**Task description**:
Starting at the line that has "Michael Kors Fernie" and stopping after the line that has "Decathlon Artengo Tenis", reproduce the listing below exactly; omit everything else.

Data provided section start

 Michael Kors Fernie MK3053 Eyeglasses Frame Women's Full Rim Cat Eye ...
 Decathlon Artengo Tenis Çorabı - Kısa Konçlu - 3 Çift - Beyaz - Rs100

Data provided section end
Data provided section start

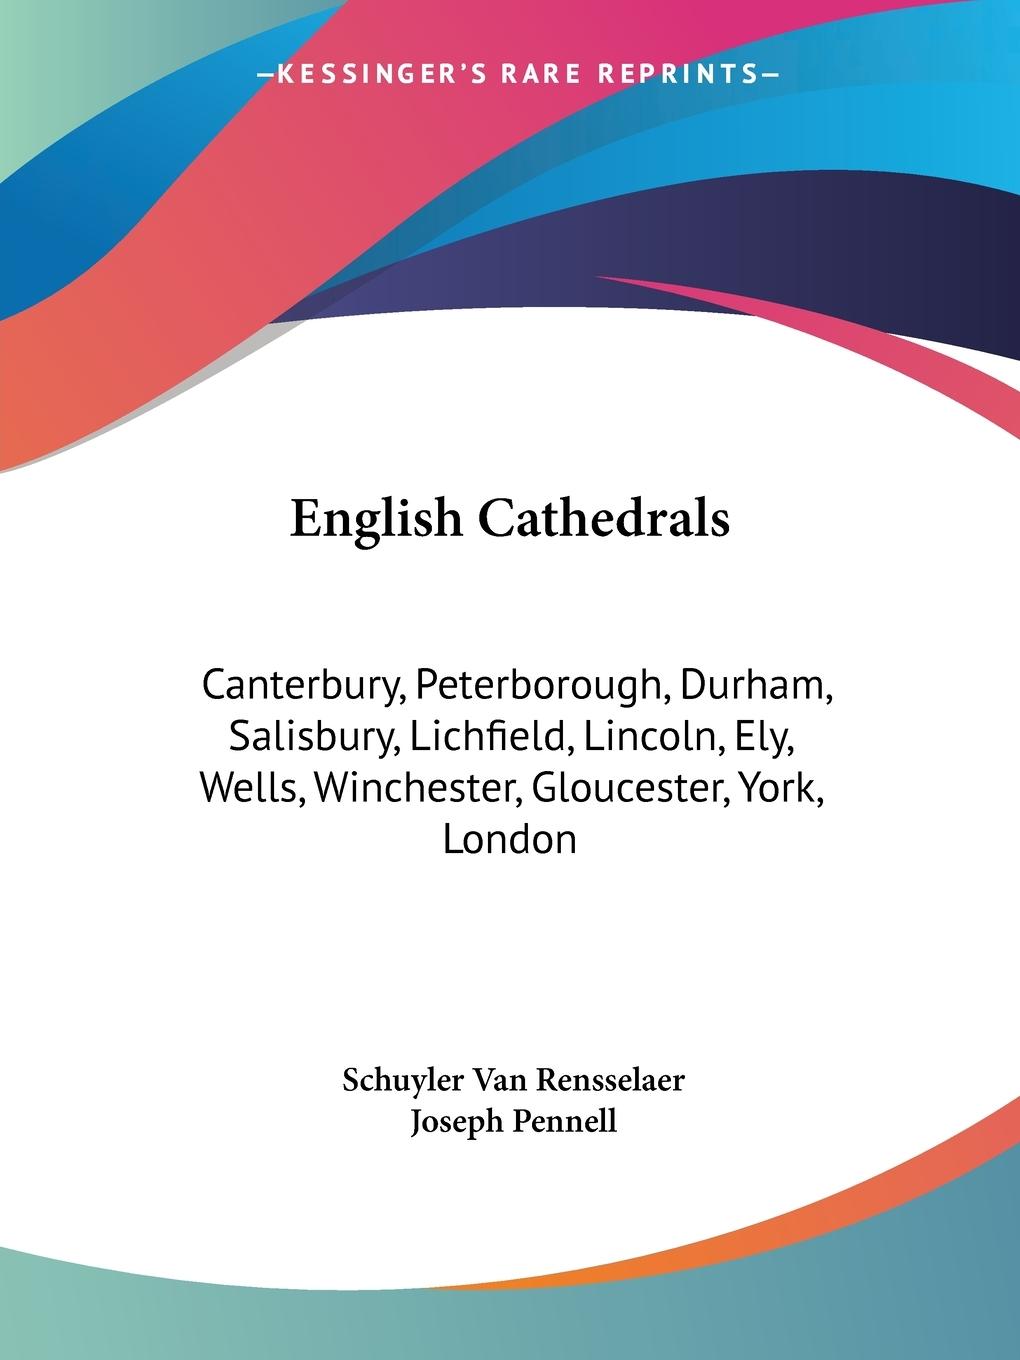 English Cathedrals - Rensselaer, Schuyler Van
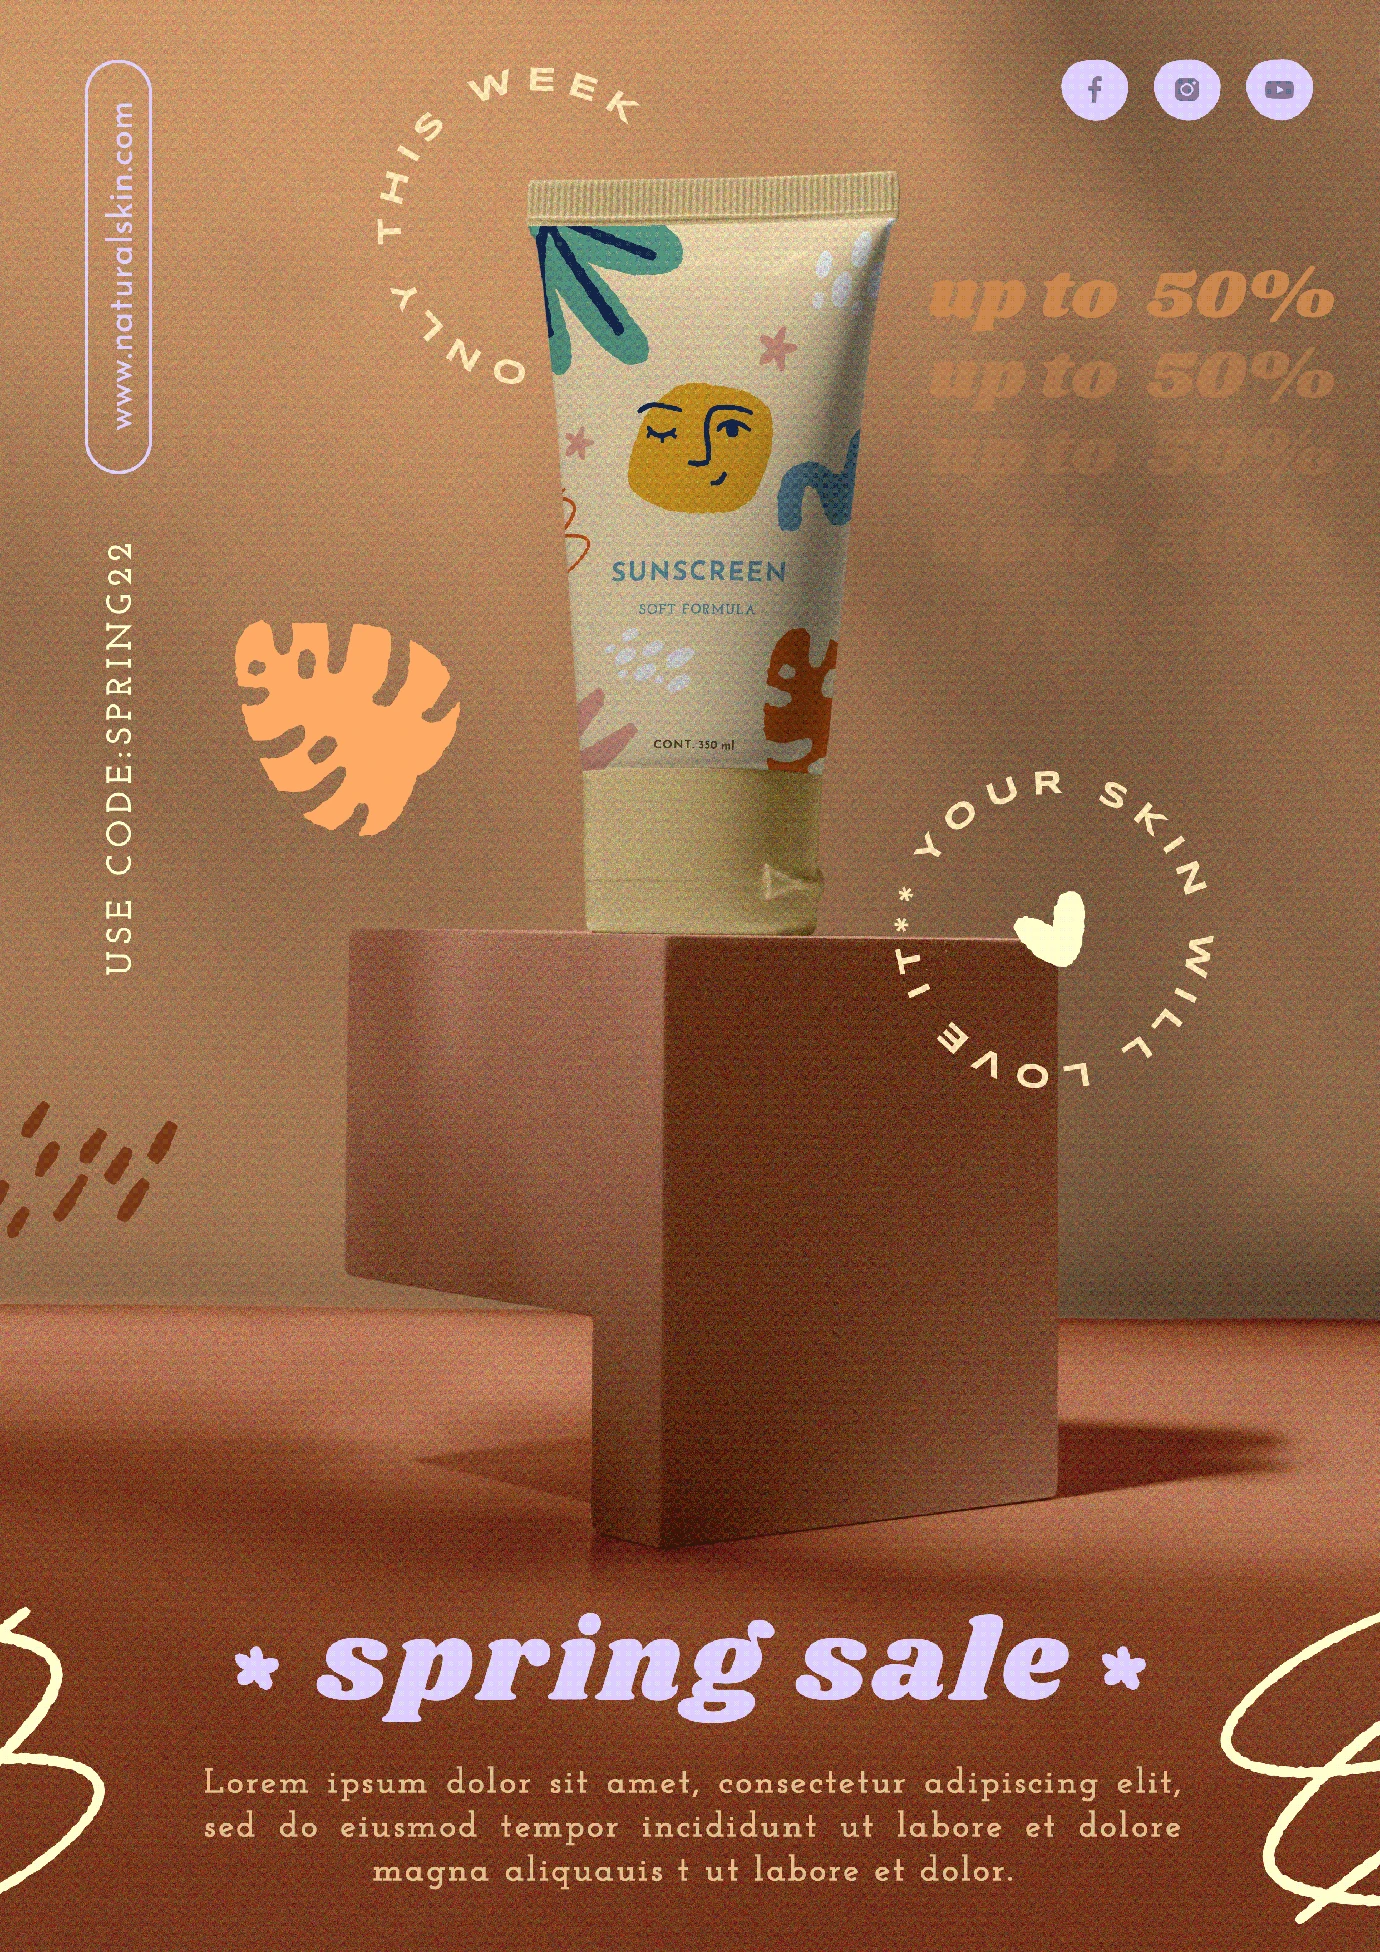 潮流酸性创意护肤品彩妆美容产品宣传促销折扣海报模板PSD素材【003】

Data provided section end

**Expected output**:
 Michael Kors Fernie MK3053 Eyeglasses Frame Women's Full Rim Cat Eye ...
 Decathlon Artengo Tenis Çorabı - Kısa Konçlu - 3 Çift - Beyaz - Rs100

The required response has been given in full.